Manic Depression entails a period of elevated mood swinging unexpectedly to a period of depression. The cause can be due to physical damage to the brain but is usually genetic; Lita and her 5 children have the illness – she explains how it is to deal with the everyday-struggle.

A recent article in the New Scientist told the story of Rebecca Riley, a 4-year-old who had bipolar disorder, overdosing on her medications and dying.

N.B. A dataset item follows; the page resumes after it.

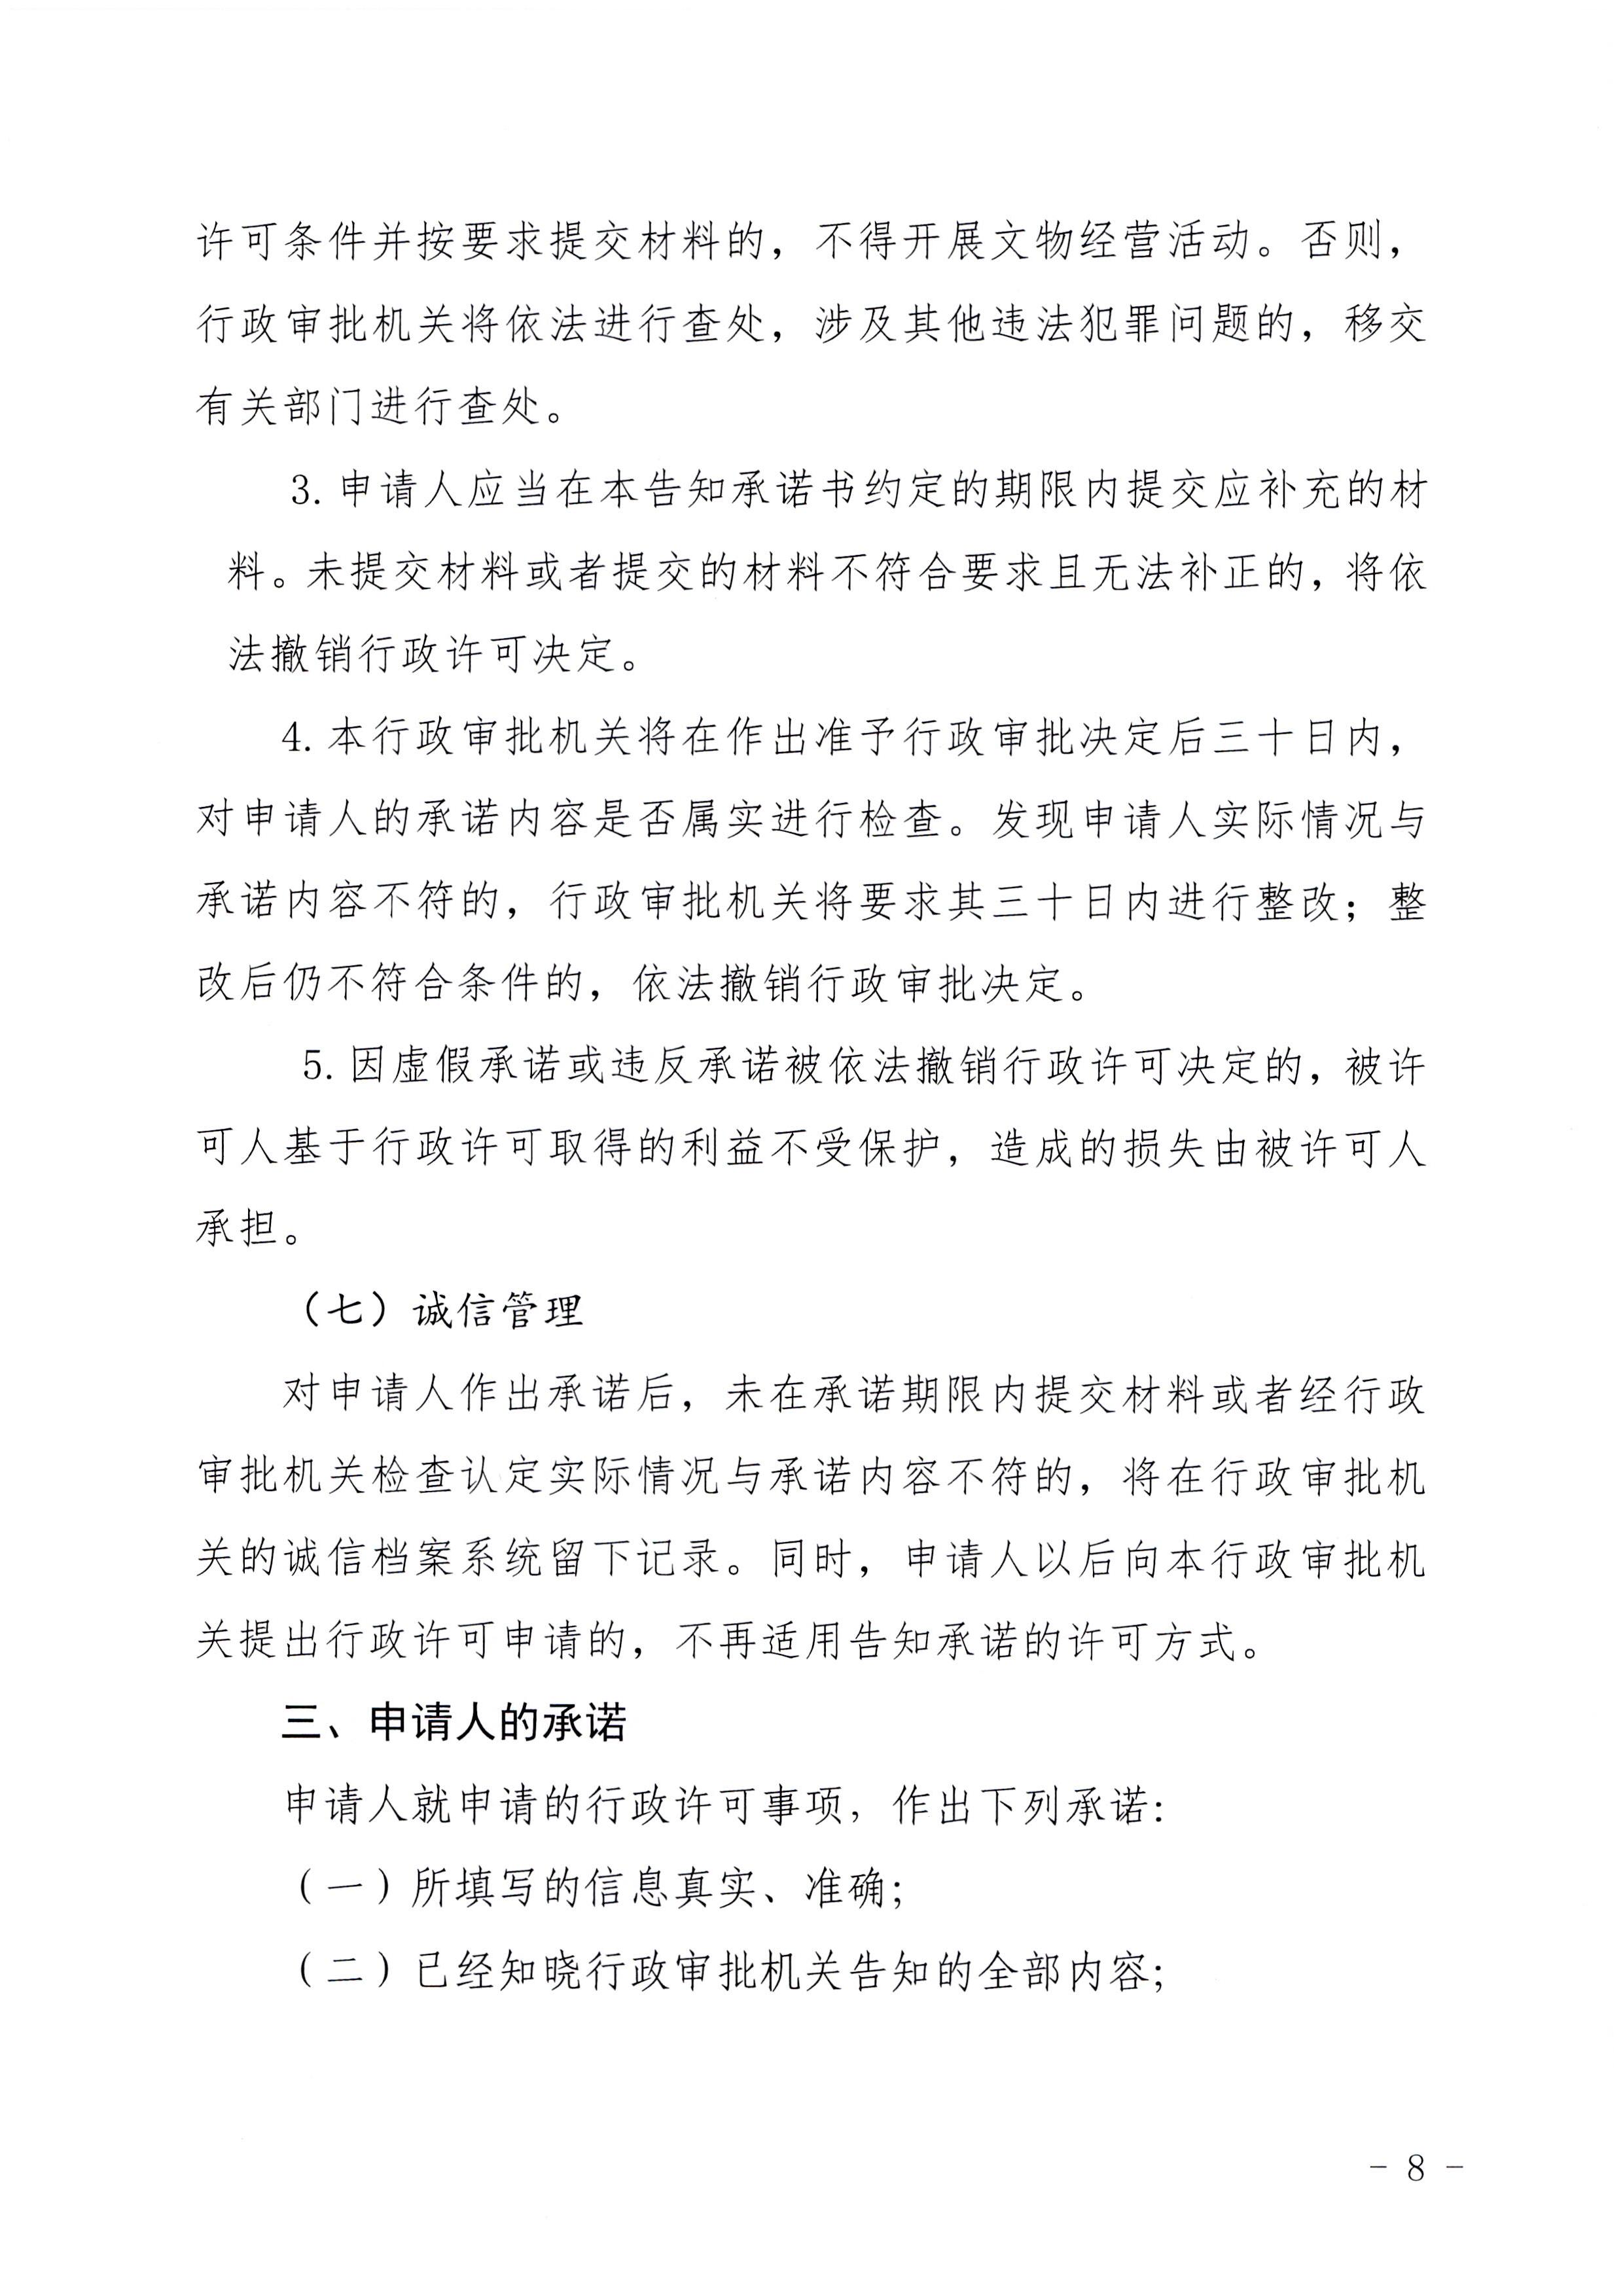 广东省文化和旅游厅印发证照分离改革实施方案的通知_页面_54.jpg

It’s not known whether this was due to the parents giving too much to her deliberately or accidentally. This just added fuel to the already raised issues about the disorder being diagnosed too frequently, especially in children.

Mostly, the reason for overdiagnosis is because the symptoms, such as angst, low mood, deflated confidence, can be mistaken for the disorder. Though these are some of the symptoms, they need to go along with symptoms from the other end of the spectrum: elation, feeling important, being overactive. Another cause is the medicine for treating bipolar disorder is in high abundance which makes doctors more comfortable – they feel at ease with a problem they can solve.